Spain’s regional governments should ‘rebel’ against demands by Madrid for further cuts to schools and hospitals, says the Communist-led United Left.
The 17 ‘autonomous’ regions of Spain, who spend 37% of the total outlay by the public purse and are responsible for budgets on education, health and social services, are facing an unprecedented financial squeeze as the right-wing Popular Party government of Mariano Rajoy seeks to meet lethal EU deficit reduction targets.
Spain’s central government recently announced it was significantly wide of its target – 2011 ended with a deficit of 8.51% of gross domestic product, 2.5% over amount it promised the EU it would achieve for the year.

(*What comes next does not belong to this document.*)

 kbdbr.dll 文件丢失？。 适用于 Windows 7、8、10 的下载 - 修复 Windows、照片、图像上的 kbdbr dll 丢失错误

Rajoy’s administration, elected in a landslide victory against the Socialists in November, has to bring the deficit down to 4.4% of GDP this year. This means Spain will have to come up with more than 40 billion euros in savings, meaning spending cuts that most economists see as impossible given that the economy is already sliding into recession and unemployment is already the highest in the European Union at 23%.

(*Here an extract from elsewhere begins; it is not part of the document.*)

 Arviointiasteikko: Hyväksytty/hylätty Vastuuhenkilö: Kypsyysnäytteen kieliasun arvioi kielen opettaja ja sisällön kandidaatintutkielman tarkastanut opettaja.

The government is blaming overspending on regional admnistrations. As part of a package of tax rises and cuts announced in the New Year, Madrid announced penalties for those regions that do not meet deficit targets in the coming years.

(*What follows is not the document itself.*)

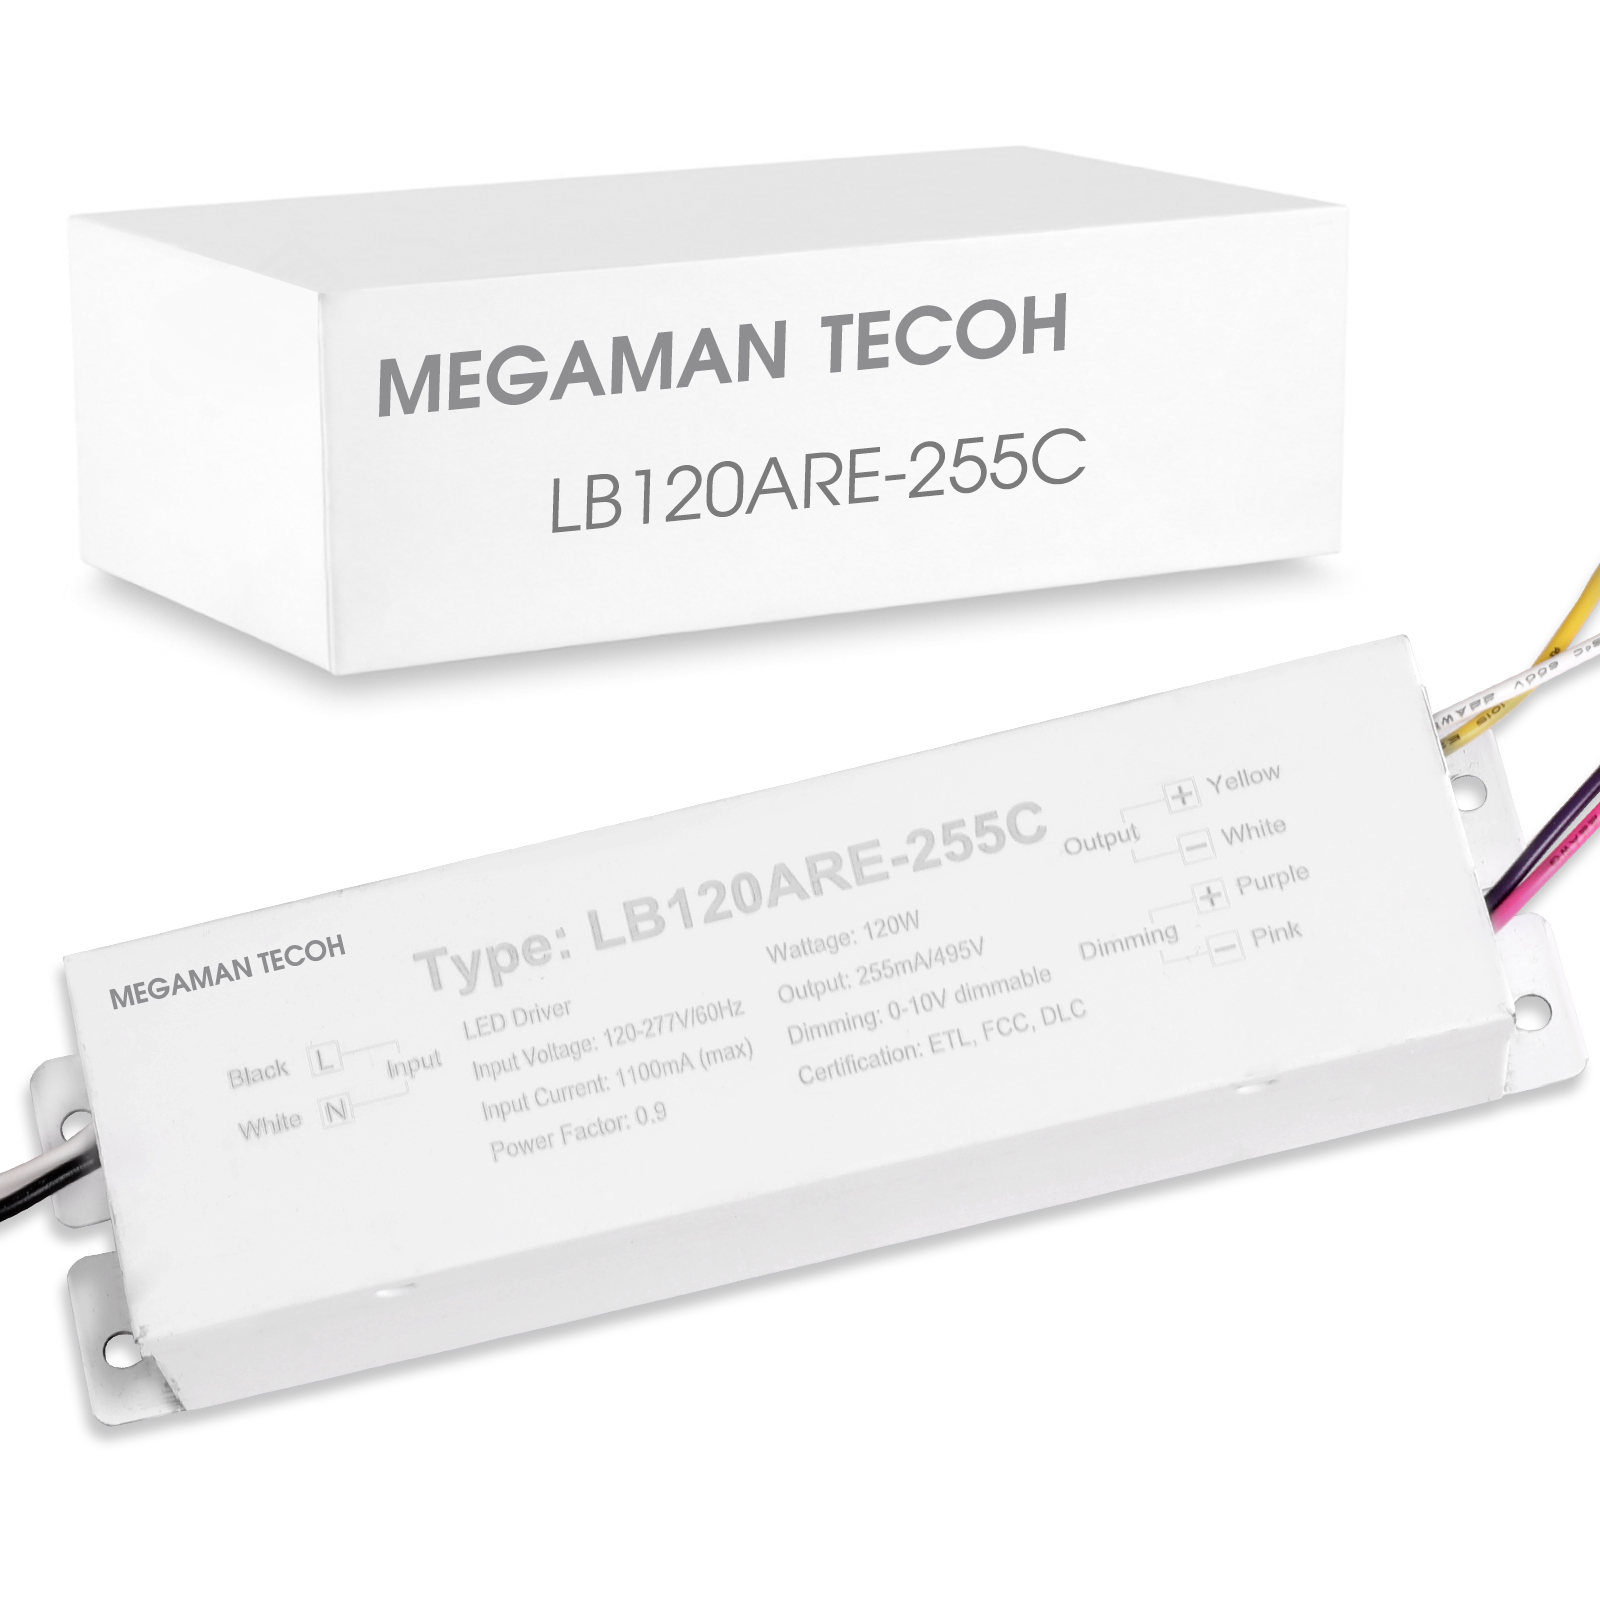 MEGAMAN TECOH LED Driver LB120ARE-255C

Cuts to education that have left schools crumbling and without heating have been at the centre of massive protests recently, particularly in the Valencia region where police responded with a level of violence not seen the days of the Franco dictatorship .
In a move that may add to tensions within Rajoy’s Popular Party, United Left leader Cayo Lara argued that regional government – since local elections last May mostly in the hands of the right wing party – was not in the main responsible for overspending and should stand up to Madrid.
The Popular Party is under pressure from the EU to accelerate cuts but plans to hold off further unpopular budget announcements until after the regional elections in Asturias and Andalucia on March 25. Spaniards will be voting in these elections without knowing the magnitude of the cuts that will be imposed on them, said Lara, who described Madrid’s position as ‘deceitful’.
The way out of the crisis had to include a reversal of policies – like slashing welfare, cutting the public sector and deregulating the labour market – that hurt ordinary Spaniards. Instead, the country needs investment to boost growth, funded by clawing back Euros 90 billion in annual tax evasion and revenues lost due to ‘regressive’ tax cuts on the rich and large corporations, Lara said.
Chucking money at the banks, as the ECB has done, giving them a total of over one trillion euros following a second offer of dirt cheap loans earlier this week, was not a solution, he added.
‘It is Kafkaesque that the ECB won’t buy debt directly from governments and instead uses the banks as intermediaries that just speculate and make money on the backs of citizens. ‘
The bankers, he said, have ‘sacked’ public funds. They are using loans from the Eurozone’s central bank that carry 1% interest ‘to pay off their international creditors and buy sovereign debt at 4-6%.’
Reckless lending by Spain’s financial sector led to a housing boom that went bust in 2007, sending the Spanish economy into free-fall. Spanish banks pocketed Euros 123 billion from the ECB on Wednesday, after taking a similar amount in December.